Traditional Pilots vs. Viewer Measurement

Few know and appreciate that one of the best examples of the power, indeed the magic, of modern data analytics is Netflix’s series House of Cards (HOC).


Indeed, HOC registers as one of the most successful TV and video programming introductions of all time. Yet, what is most remarkable is how HOC was developed and introduced. As HOC star Kevin Spacey explained in his iconic YouTube speech, “Netflix was the only network that said, ‘We believe in you…we’ve run our data, and it tells us the audience would watch this series’” (emphasis added).


Netflix replaced the traditional (and very expensive) “pilot” TV test process with intimate knowledge (via intensive data analytics) of the Netflix viewer. Netflix used its sophisticated data analytics as a basis to invest $100 million upfront in HOC; then, as a basis to green light HOC for at least four seasons (thru 2016), and for today’s 39 completed episodes. Today, Netflix producers envision a 12-season collection of HOC, through 2023.


Anther Example: AMC and ‘Mad Men’

Other ways in which data about viewers is being collected are nearly as interesting. AMC, the network home of The Walking Dead and Mad Men, has also taken a fascinating lean toward data collection and analysis.


As noted in a recent, free IBM-New Bay Media whitepaper, Vitaly Tsivin, AMC’s SVP of business intelligence, used IBM’s advanced analytics to get a richer picture of who its viewers are, what they want, and how to keep their attention in an increasingly crowded entertainment marketplace.


“We need to know who’s watching and why, and we need to know it quickly, so that we can decide…whether to run an ad or a promo in a particular slot during tomorrow night’s episode of Mad Men,” Tsivin said.


Much of the challenge comes from having so much information available – hundreds of billions of rows of data from industry providers such as Nielsen and comScore; from channels such as AMC’s TV everywhere live Web streaming app and video-on-demand service; from retail partners such as iTunes and Amazon; and from third-party online video services such as Netflix and Hulu – and the need to analyze data minute-by-minute and viewer-by-viewer.


And CBS, Too

A recent article talked of CBS News Digital (CBSN), a free, ad-supported streaming news network, available on the Web, via mobile and on connected TVs. Providing 15 hours a day, typically, of news-related content, CBSN taps into its deep well of video viewer data and analytics, much of it via social media, to determine what  viewers want to see (or see more of).


The data analysis also helps CBS News strategize what content to promote on its social channels. Additionally, data influences CBSN content in the presentation itself, i.e., if the average age of the viewing audience is 40 years old, a subtle but important change involves dressing male news anchors without ties, and having all anchors stand instead of sit behind a desk occasionally.

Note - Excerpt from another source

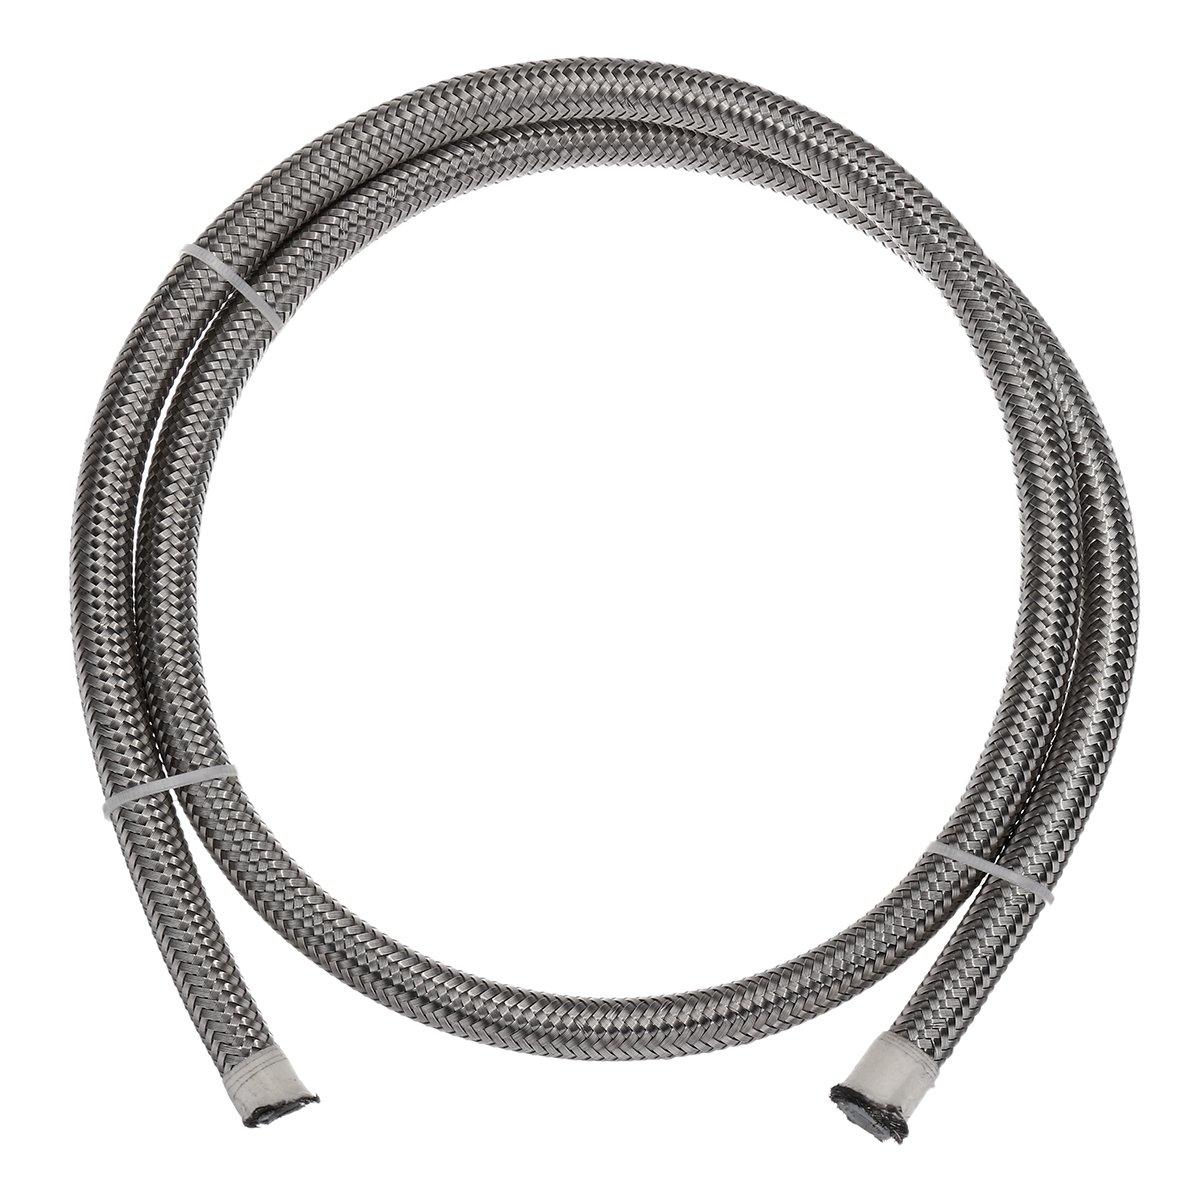 QOJA teflon stainless braided hose tube pipe line black for petrol

CBSN is another prime example of how networks and others in the ecosystem are accessing data and analyzing it to drive better viewing and thus more profits in the making and distribution of content.


10 Lessons

The IBM white paper mentioned above spells out 10 key lessons that members of the telecom, media, and entertainment ecosystem need to consider and eventually understand and implement if they are to be successful in marketing and selling future content, including (1) Know Your Goals; (2) Know the Viewer; and (8) Realize the Vastness and Potential of Today’s Analytics.


A current telecom adage has it, “We will see more change in the next 10 years than we have in the past 100.” Data analytics in the media, entertainment and telecom worlds (especially the video part of those) is a perfect example of this very lesson.